Constructed a part named 1
Constructed a part named 10
Constructed a part named 2
Constructed a part named 3
Constructed a part named 4
Constructed a part named 5
Constructed a part named 6
Constructed a part named 7
Constructed a part named 8
Constructed a part named 9
mensa::addPartition(.) increases the number partitions from 0 to 10, the number 
of rows from 0 to 59161937, and the number of columns from 0 to 9
filter::sift2S(SELECT FBchr,count(*) FROM 10 data partitions WHERE 1 == ...) -- 
processing data partition 1
countQuery::evaluate -- Select count(*) From 1 Where 1 == 1 --> 8960156
countQuery::evaluate -- duration: 4.6e-05 sec(CPU), 4.60148e-05 sec(elapsed)
filter::sift2S(SELECT FBchr,count(*) FROM 10 data partitions WHERE 1 == ...) -- 
processing data partition 10
countQuery::evaluate -- Select count(*) From 10 Where 1 == 1 --> 4332964
countQuery::evaluate -- duration: 4.4e-05 sec(CPU), 4.50611e-05 sec(elapsed)

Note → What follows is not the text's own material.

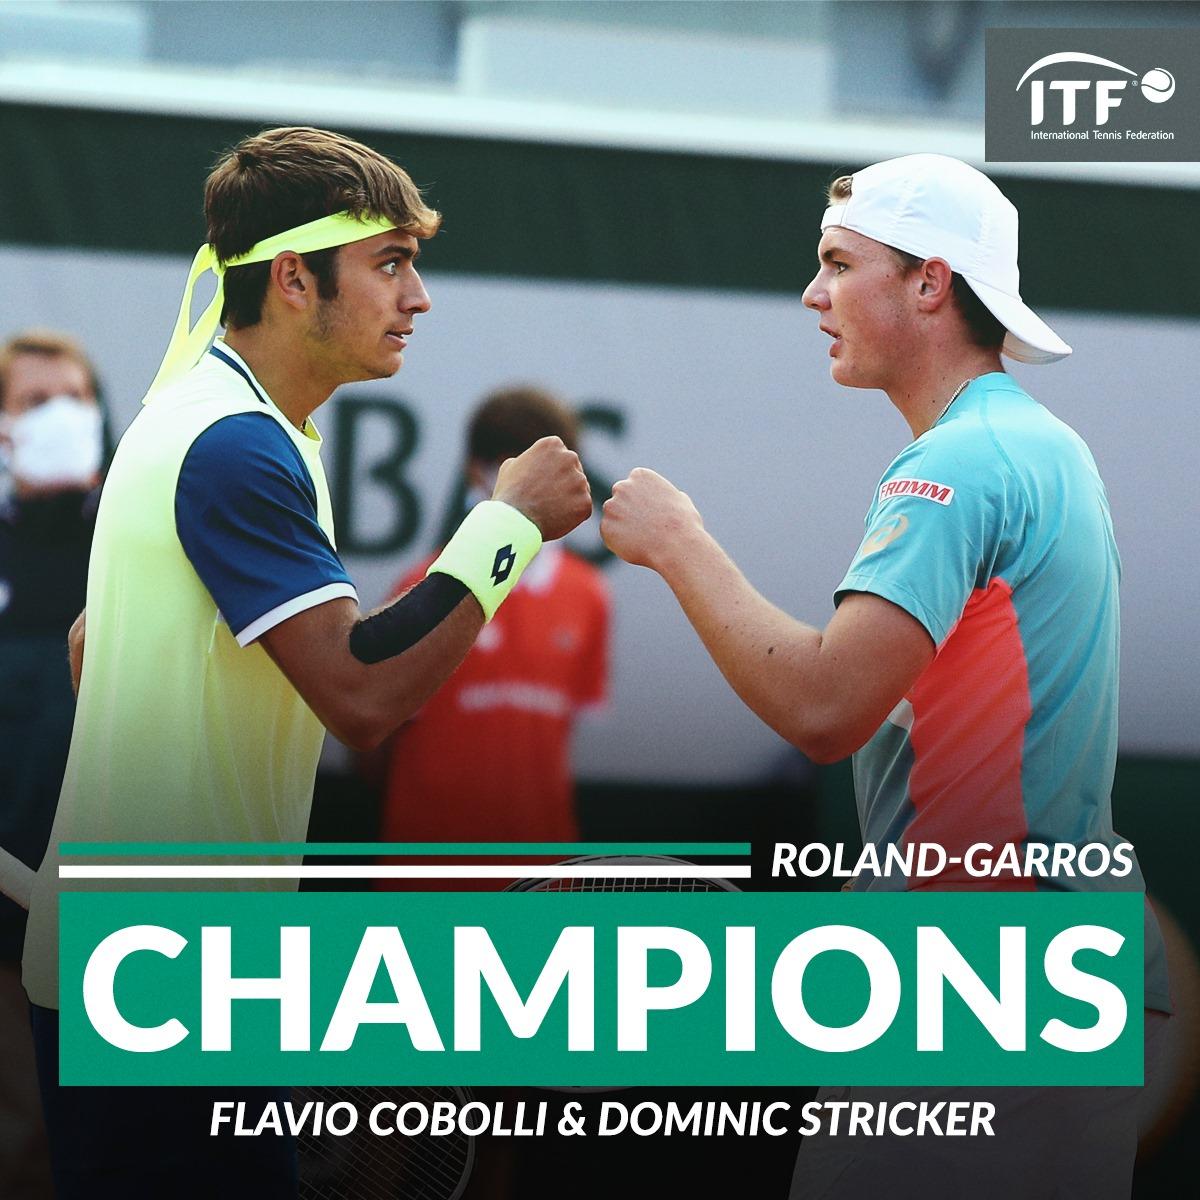 Champions im Doppel mit F. Cobolli

filter::sift2S(SELECT FBchr,count(*) FROM 10 data partitions WHERE 1 == ...) -- 
processing data partition 2
countQuery::evaluate -- Select count(*) From 2 Where 1 == 1 --> 6828398
countQuery::evaluate -- duration: 4.5e-05 sec(CPU), 4.60148e-05 sec(elapsed)
filter::sift2S(SELECT FBchr,count(*) FROM 10 data partitions WHERE 1 == ...) -- 
processing data partition 3
countQuery::evaluate -- Select count(*) From 3 Where 1 == 1 --> 6687301
countQuery::evaluate -- duration: 4.3e-05 sec(CPU), 4.41074e-05 sec(elapsed)

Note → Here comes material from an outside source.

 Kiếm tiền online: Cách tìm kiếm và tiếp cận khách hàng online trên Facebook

filter::sift2S(SELECT FBchr,count(*) FROM 10 data partitions WHERE 1 == ...) -- 
processing data partition 4
countQuery::evaluate -- Select count(*) From 4 Where 1 == 1 --> 7064960
countQuery::evaluate -- duration: 5.3e-05 sec(CPU), 5.38826e-05 sec(elapsed)
filter::sift2S(SELECT FBchr,count(*) FROM 10 data partitions WHERE 1 == ...) -- 
processing data partition 5
countQuery::evaluate -- Select count(*) From 5 Where 1 == 1 --> 6081271
countQuery::evaluate -- duration: 4.4e-05 sec(CPU), 4.50611e-05 sec(elapsed)

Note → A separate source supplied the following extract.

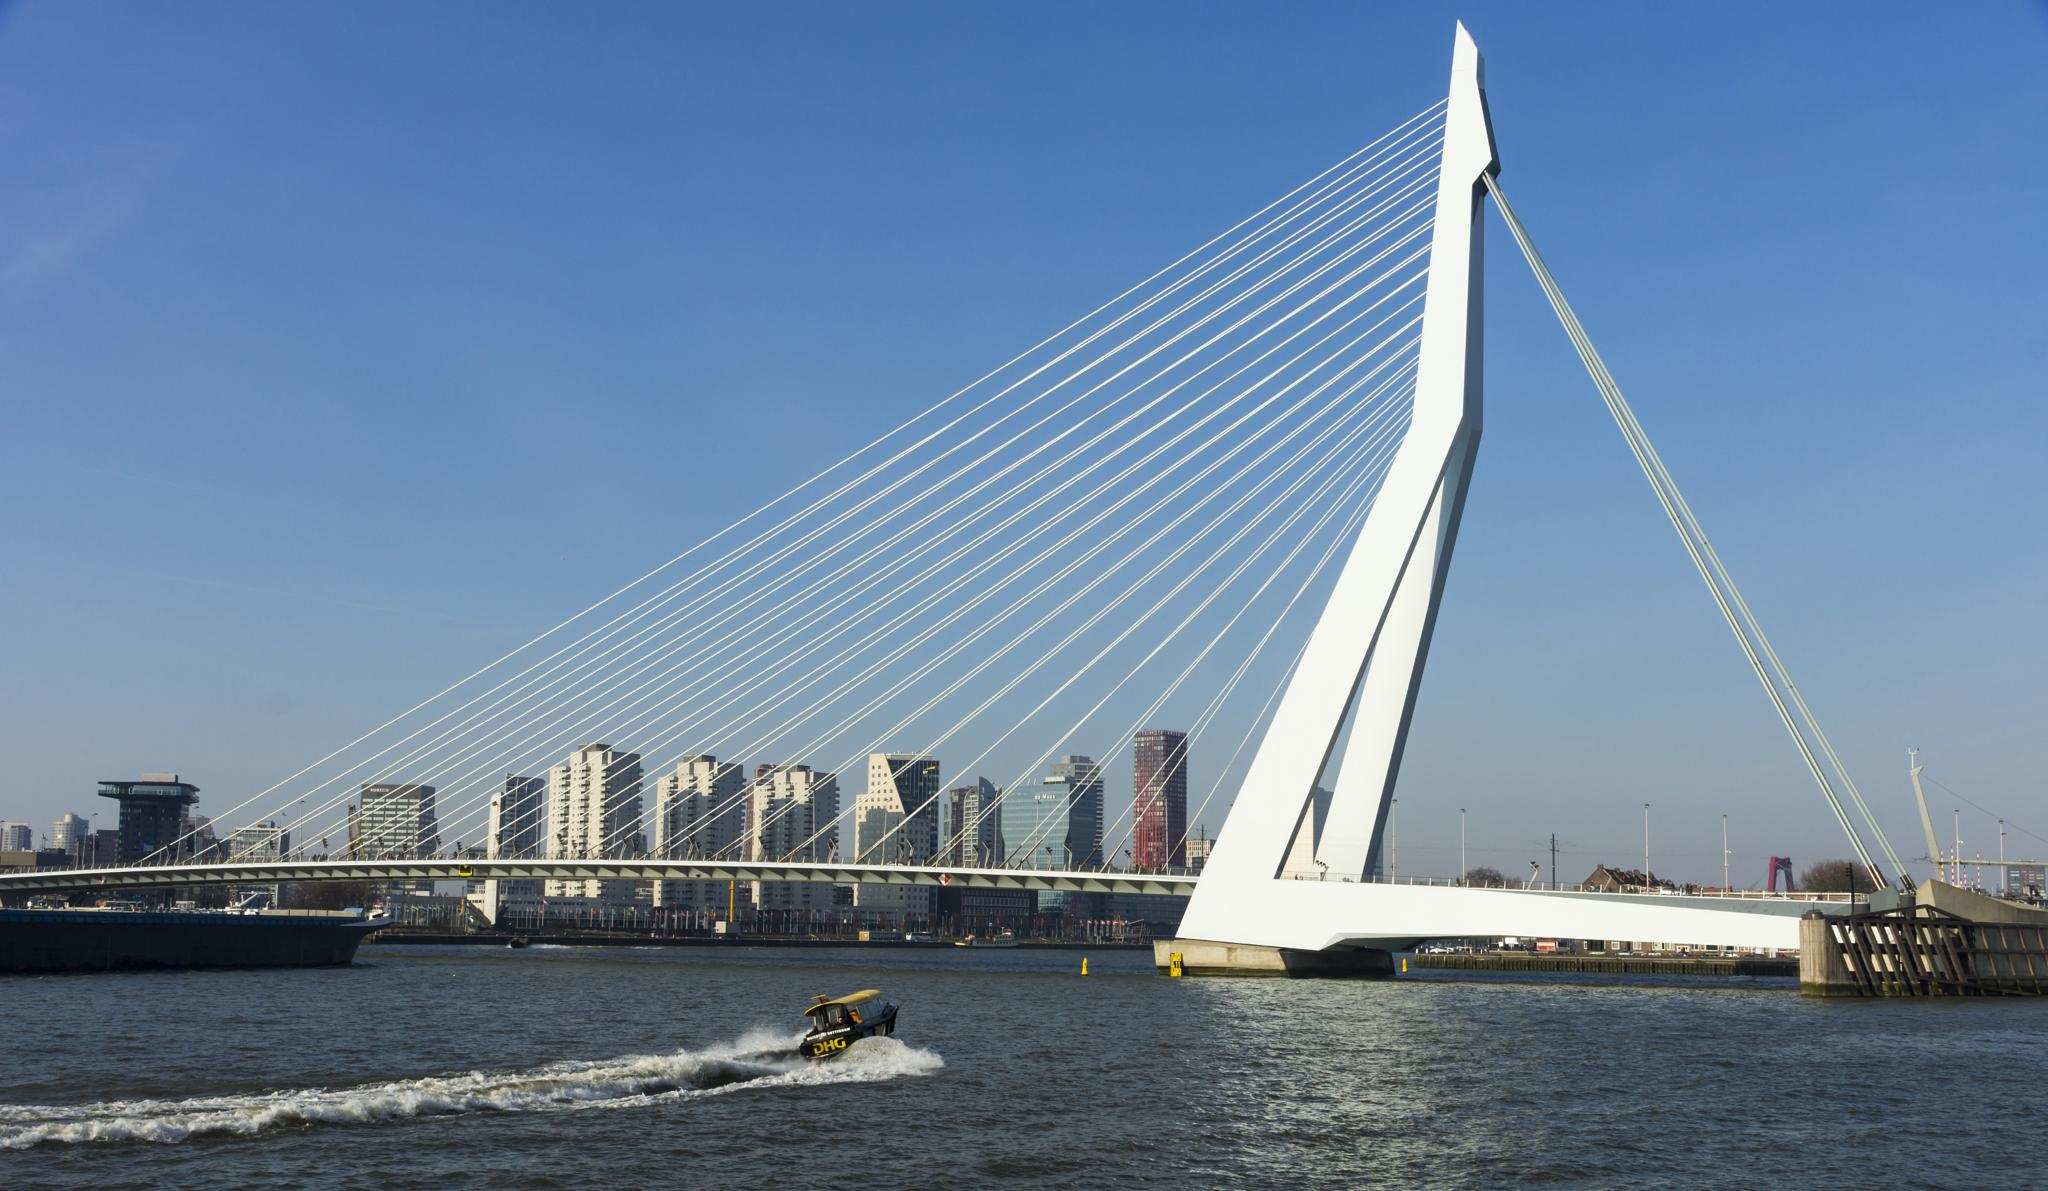 The Bridge by Rob van der Griend

filter::sift2S(SELECT FBchr,count(*) FROM 10 data partitions WHERE 1 == ...) -- 
processing data partition 6
countQuery::evaluate -- Select count(*) From 6 Where 1 == 1 --> 4712491
countQuery::evaluate -- duration: 4.3e-05 sec(CPU), 4.31538e-05 sec(elapsed)
filter::sift2S(SELECT FBchr,count(*) FROM 10 data partitions WHERE 1 == ...) -- 
processing data partition 7
countQuery::evaluate -- Select count(*) From 7 Where 1 == 1 --> 5030796
countQuery::evaluate -- duration: 4.5e-05 sec(CPU), 4.60148e-05 sec(elapsed)
filter::sift2S(SELECT FBchr,count(*) FROM 10 data partitions WHERE 1 == ...) -- 
processing data partition 8
countQuery::evaluate -- Select count(*) From 8 Where 1 == 1 --> 4944862
countQuery::evaluate -- duration: 4.4e-05 sec(CPU), 4.41074e-05 sec(elapsed)
filter::sift2S(SELECT FBchr,count(*) FROM 10 data partitions WHERE 1 == ...) -- 
processing data partition 9
countQuery::evaluate -- Select count(*) From 9 Where 1 == 1 --> 4518738
countQuery::evaluate -- duration: 4.3e-05 sec(CPU), 4.3869e-05 sec(elapsed)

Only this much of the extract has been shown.